By Mary Gilbert, CNN Meteorologist
(CNN) — Tropical Storm Philippe will interact with a potent cold front this weekend and funnel tropical moisture across the Northeast, raising the risk of flooding rainfall in an area that has been soaked repeatedly in recent weeks.
The storm is still far from the US mainland and just north of the Caribbean. But its projected track has echoes of Hurricane Lee in September, when the much-weakened system brought strong winds and rain to parts of the Northeast and Canada.
Philippe is expected to approach New England as a tropical storm on Sunday, but may lose some of its tropical nature as it approaches the coast. The severity of rain and wind will be the same regardless of whether it’s a tropical storm or a post-tropical storm at landfall.
A soggy weekend is likely across much of the mid-Atlantic and Northeast, but exactly where the heaviest rain falls will depend on Philippe’s track over the next several days.
For now, portions of New England and northern New York are most likely to experience heavy rain and potential flooding. A Level 2 of 4 slight risk of excessive rainfall was issued for Saturday in these areas by NOAA’s Climate Prediction Center.
But the bull’s-eye of heaviest rainfall could shift if low pressure moving across the eastern US pulls Philippe closer to the Northeast. This potential shift could move the risk closer to the mid-Atlantic – an area where another deluge would be particularly worrisome.

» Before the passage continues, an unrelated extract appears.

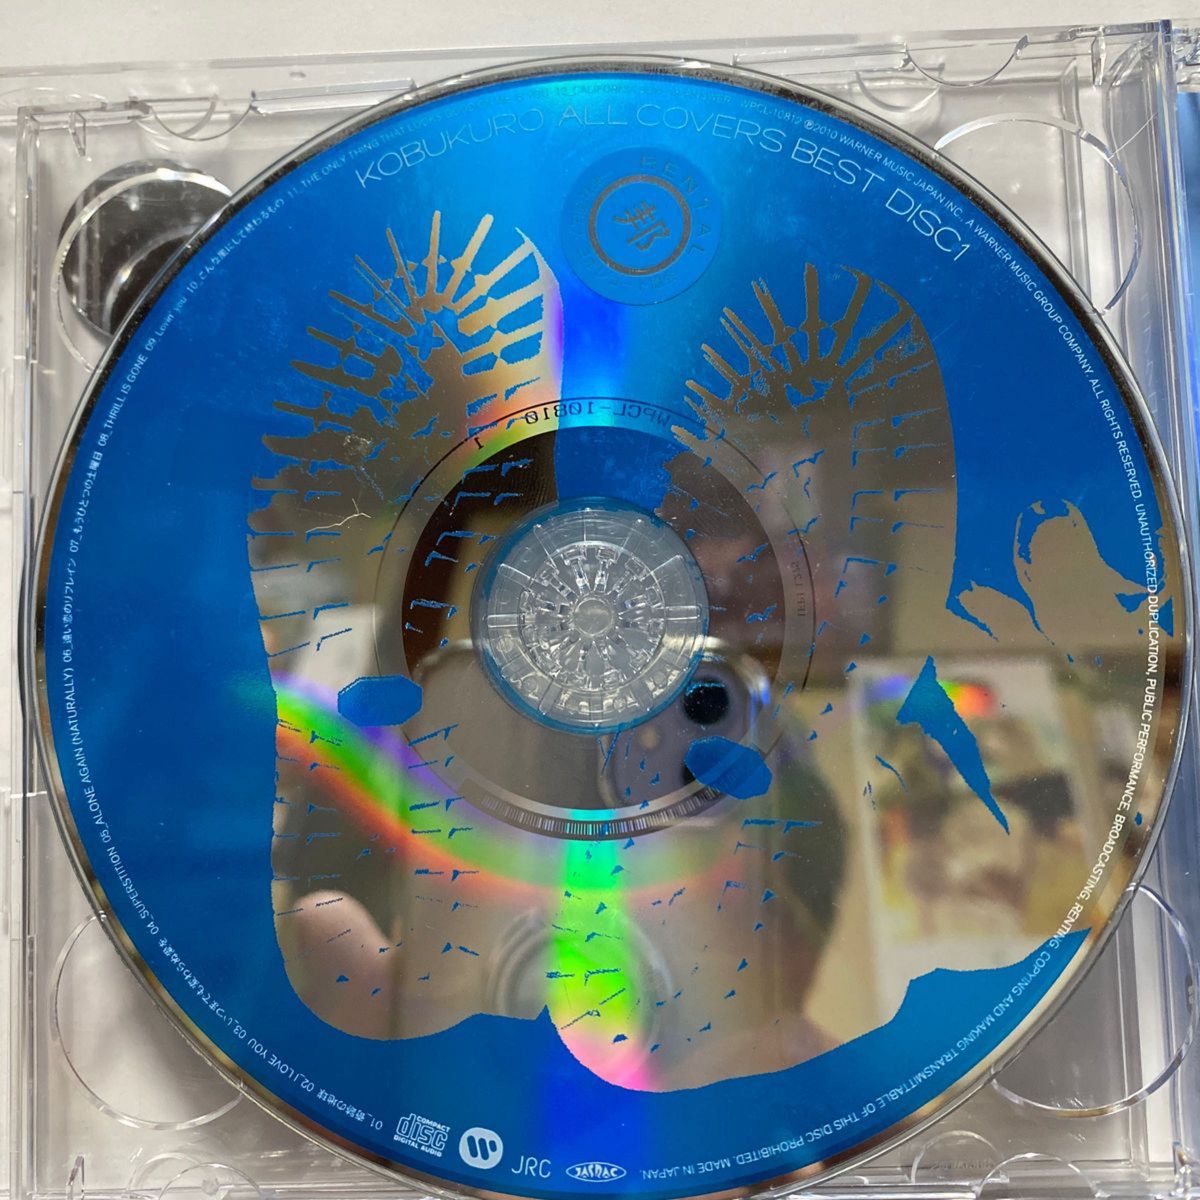 KOBUKURO ALL COVERS BEST (完全生産限定盤)コブクロ　全25曲　CD2枚組　レンタル専用中古品　　　　①

Parts of the mid-Atlantic and Northeast were inundated by record-breaking rainfall last week. The most intense rainfall hit the New York City tri-state, where floodwaters inundated subways, roads and basements and several locations recorded the wettest day in history.
Heavy rainfall is not expected to be as severe as last week, but a widespread 1 to 2 inches of rain is possible across New York and New England. Higher amounts closer to 2 to 4 inches could fall where the heaviest rain sets up, likely in a more focused portion of New England.
In addition to heavy rain, gusty winds are possible across portions of New England and Atlantic Canada Saturday and Saturday night as Philippe nears landfall. Philippe’s winds are expected to remain at tropical-storm strength, but the cyclone itself may not be fully tropical at the time of landfall.
Bermuda at risk for tropical strike
Philippe has quite a distance to travel before approaching the US and Canada. The tropical storm was less than 200 miles north of the US Virgin Islands on Wednesday and on track to come in close contact with Bermuda.
Bermuda is only 15 miles across, so landfalls are rare. Only eleven systems have made landfall on the island since 1851, according to data from NOAA.
The Bermuda Weather Service issued a tropical storm watch for the island on Wednesday, since Philippe won’t have to make landfall in order to unload strong wind gusts and heavy rain.
The storm’s severity on Bermuda will depend on just how strong it is and how close it tracks to the island. Tropical-storm-force wind gusts are likely when Philippe makes its closest pass on Friday. Rain will arrive ahead of any wind and could begin as early as Thursday across the island.
Philippe is expected to be a tropical storm as it swipes the island, so the risk of widespread damage is limited, but power outages are possible.